#### Data

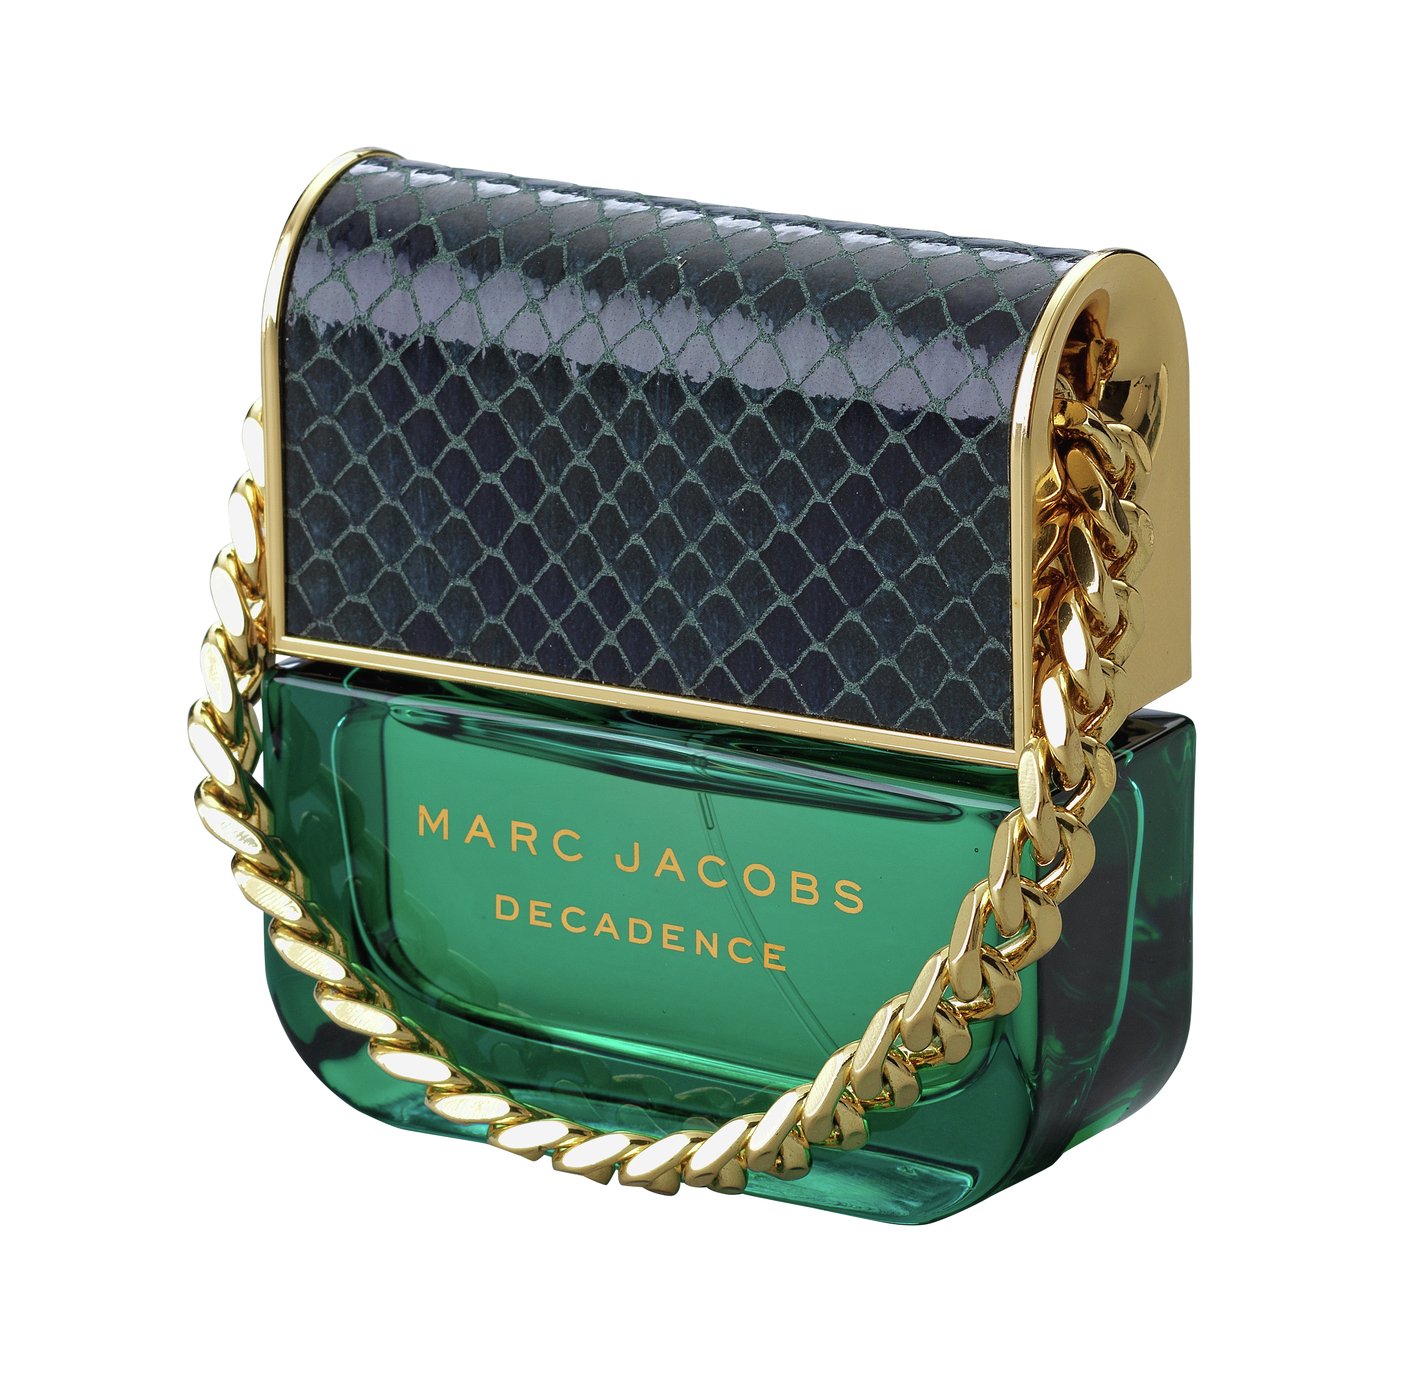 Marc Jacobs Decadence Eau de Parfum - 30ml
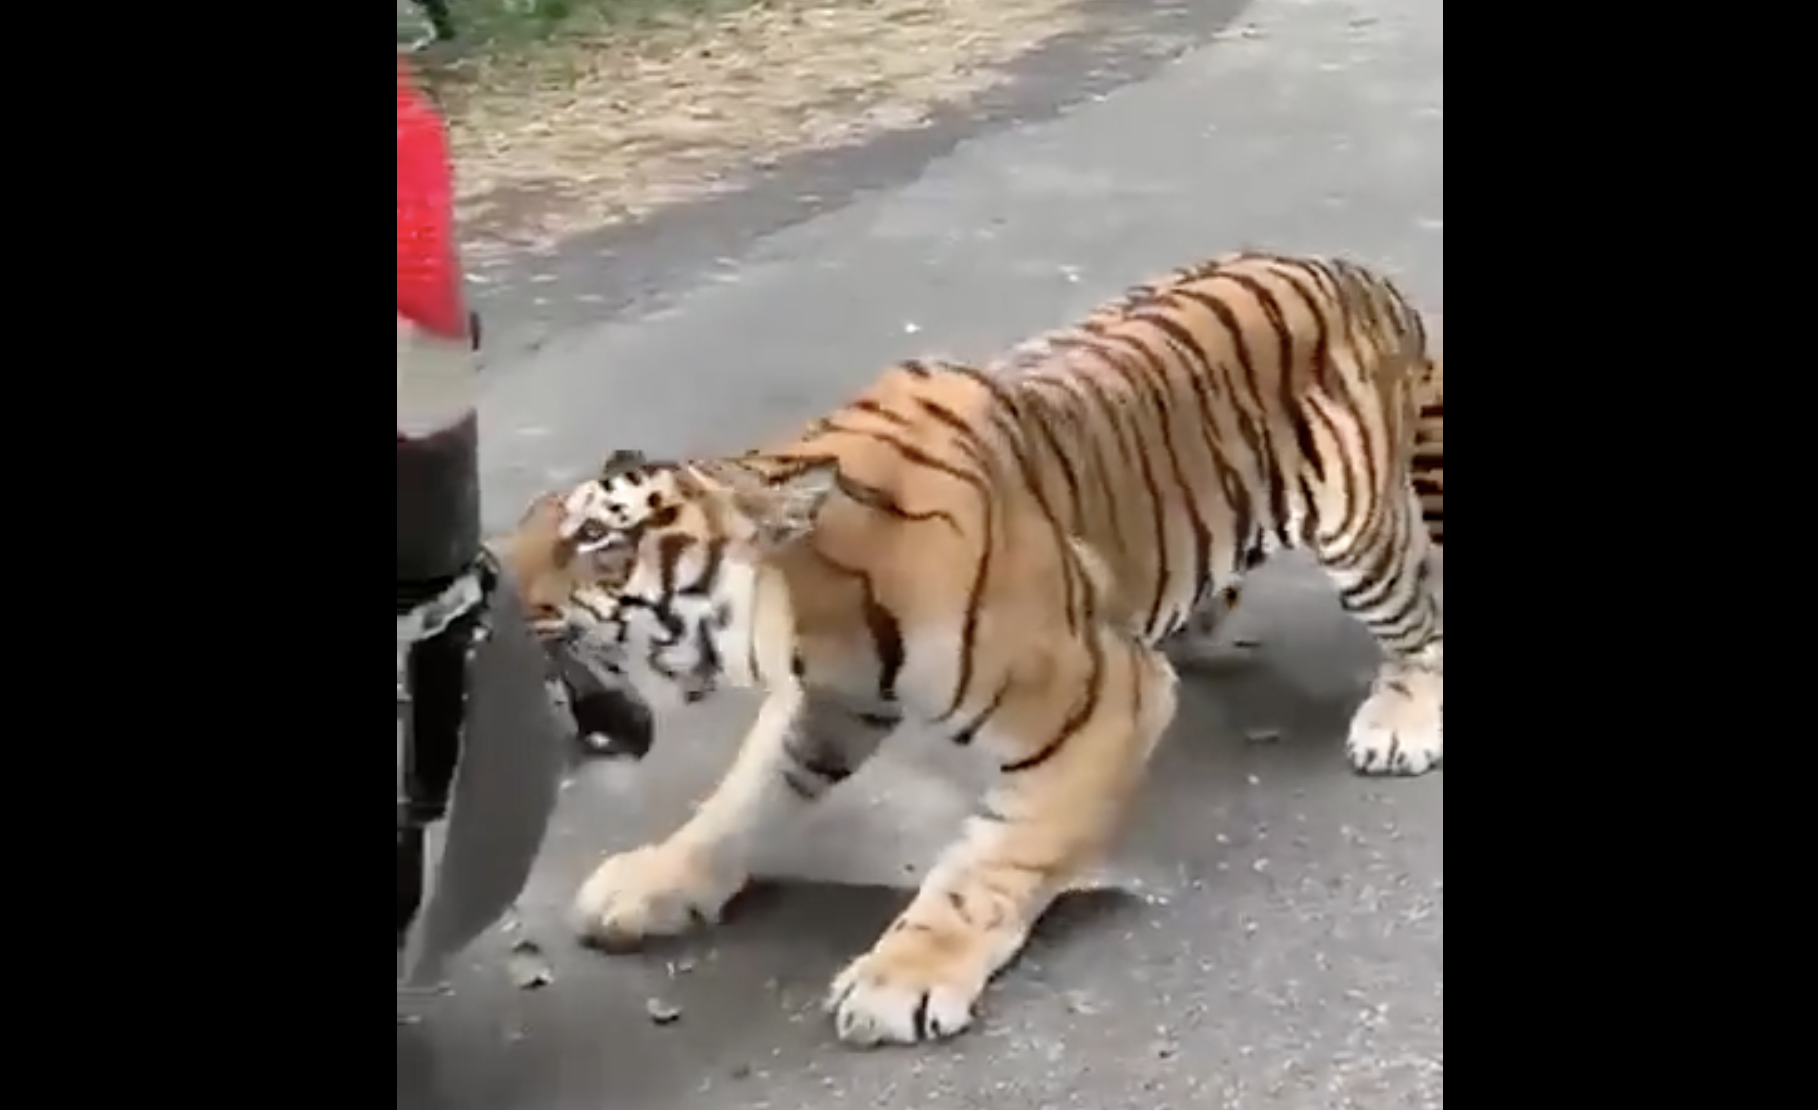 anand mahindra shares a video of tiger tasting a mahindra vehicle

########
#### Data

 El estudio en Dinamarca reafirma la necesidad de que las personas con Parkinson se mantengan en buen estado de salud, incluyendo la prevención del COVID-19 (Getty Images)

########
#### Data

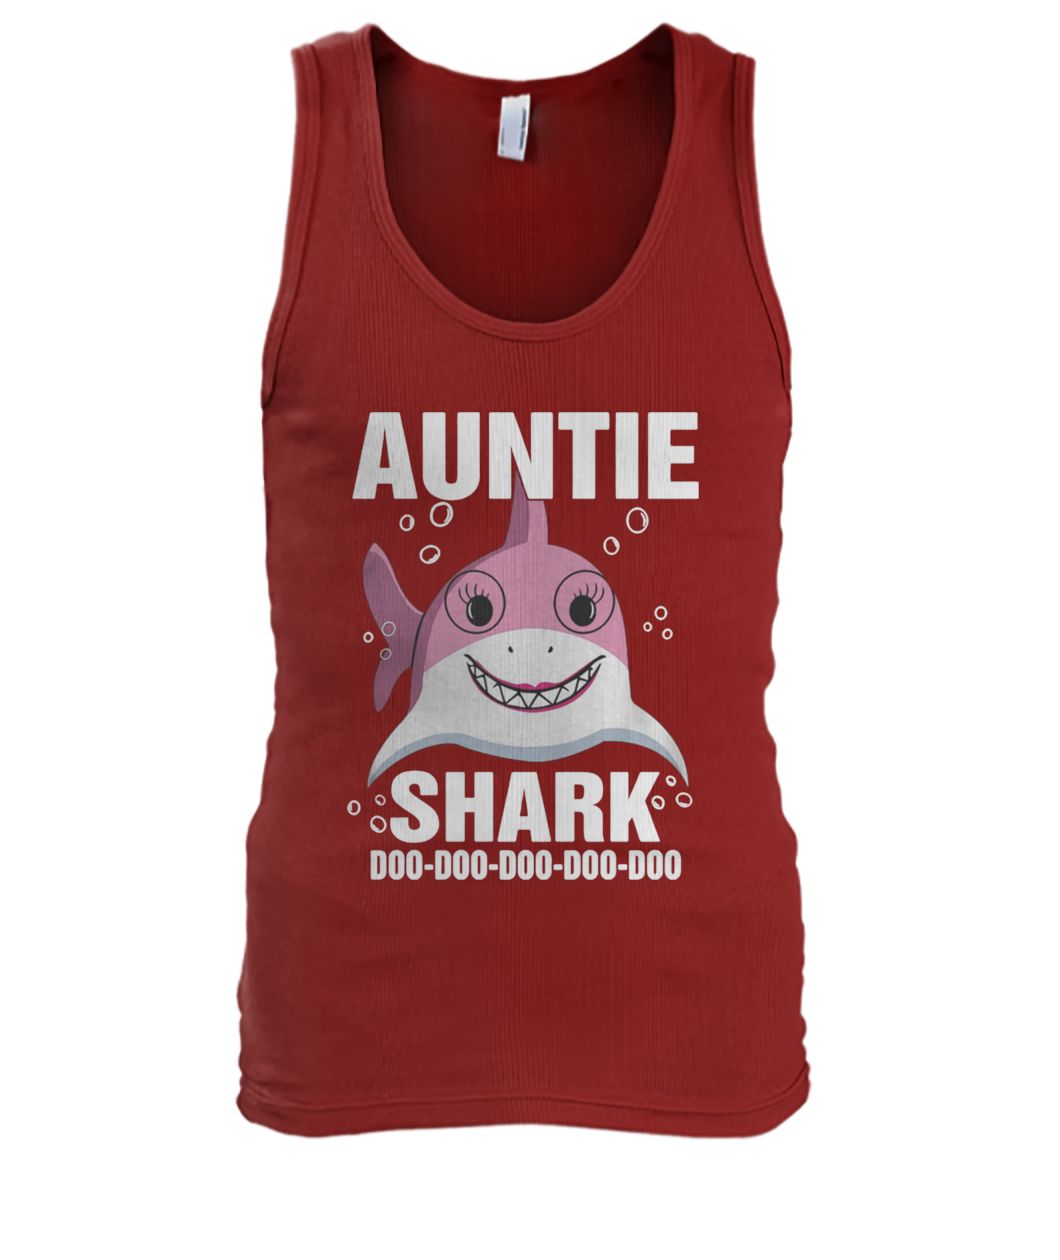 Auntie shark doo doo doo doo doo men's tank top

########

▶ _Aim of the exercise_: Using the records above, repeat exactly the run of lines that starts with the line with "Marc Jacobs Decadence Eau de Parfum - 30ml" and goes on through the line with "anand mahindra shares"; omit each picture.

▶ _Your response_:
 Marc Jacobs Decadence Eau de Parfum - 30ml
 anand mahindra shares a video of tiger tasting a mahindra vehicle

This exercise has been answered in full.